Я начал по-своему возражать, поставил ему тотчас же в пример Дерптский университет.
– Да с нашими подлецами ничего не поделаешь, – был ответ.
Пришел навестить одного старого знакомого, офицера-хохла, бывшего нашего соседа по квартире. Нашел у него других офицеров в гостях. И тут, слово за слово, я перешел к изложению всех преимуществ Прибалтийского края. Прежде всего, конечно, описал слушателям высокое состояние науки, отставшей в Москве, по крайней мере, на четверть века.
– Позвольте вам заметить, – остановил меня толстейший гарнизонный майор, – вот я лечился у разных докторов, везде побывал, советовался с разными знаменитостями, но толку не было а вот у нас, в Москве, мне один старичок посоветовал принять лекарство Леру. Так, я вам скажу, оно меня так прочистило, что все, что во мне лет десять уже скопилось, наружу вывело; с тех пор, слава Богу, как видите, здравствую.
Возражать было нечего.
Перешли к суждению о семейной и общественной жизни. Я опять стал распространяться о превосходных сторонах общества и семьи в Прибалтийском крае, коснулся, конечно, и немок.

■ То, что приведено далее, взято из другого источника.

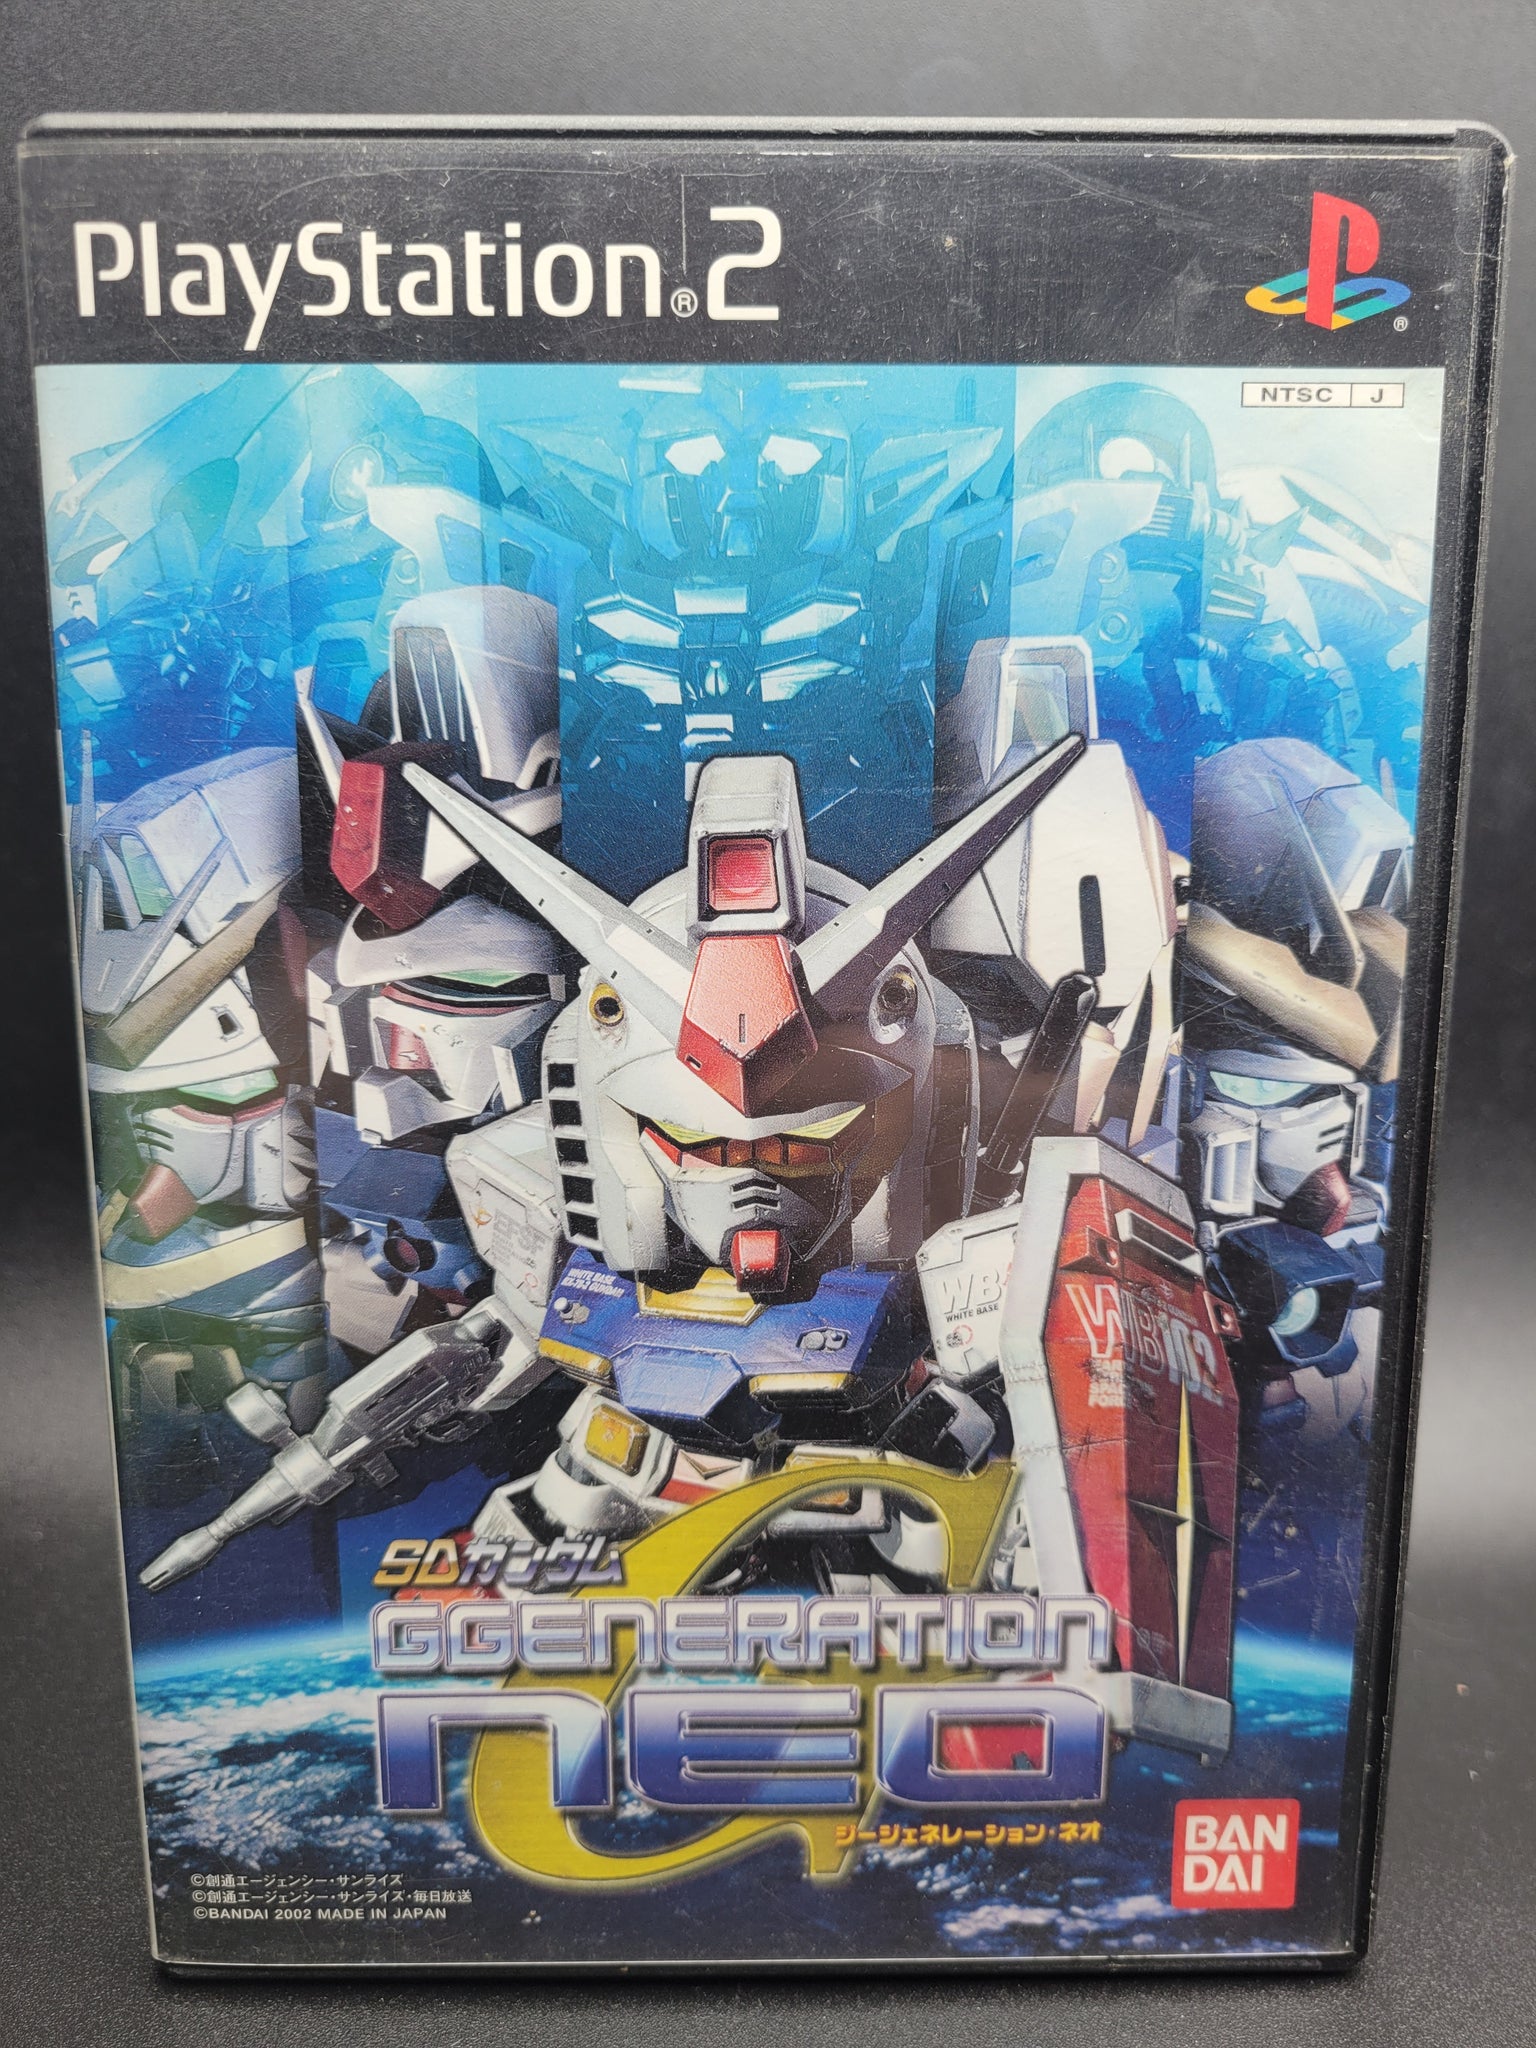 Sd Gundam G Generation Neo Bandai Playstation 2 Ps2 Played In Japan

– Замечу вам, – заговорил опять тот же майор, – я достаточно знаком с женским полом. Имел на своем веку дело и с немками, и с француженками, и с цыганками. Большого различия не нашел: все поперечки.
При этом замечании все общество покатилось со смеху, а я умолк, бросив презрительный взгляд на всю эту не подходившую для меня компанию.
На другой день меня пригласили также к старому знакомому моего отца, помещику Матвееву, человеку с большими средствами и получившему отличное образование. Пригласили же меня в особенности затем, чтобы посоветоваться о сыне Матвеева, подростке лет 16-ти; его воспитывали дома гувернеры-иностранцы, и надо было решить теперь, как и чем закончить домашнее воспитание.
Я застал отца (еще очень моложавого и разбитного) и сына упражняющимися в фехтовальном искусстве.
Молодой Матвеев, изящно одетый, с целым лесом белокурых волос на голове, тщательно завитых и припомаженных, свободный в обращении, украшавший разговор цитатами из русских поэтов, представлял собою что-то искусственное, поддельное, невиданное мною в Дерпте. Отец Матвеев также вставлял в разговоре стихи из «Евгения Онегина», из «Горе от ума», называл предрассудком соблюдение религиозных обрядов и в то же время крестился, садясь за стол; он сказывал, что сын его требует только некоторой подготовки в древних языках для вступления в университет, и восхищался вместе с сыном моими рассказами о жизни в Дерпте, об университетской деятельности и готов был сейчас же лететь в Дерпт. Я радовался, что нашел в Москве хотя одно прогрессивно настроенное семейство, и рад был еще более тому, что мог сам способствовать прогрессу, притянув юношу к серьезному университетскому образованию.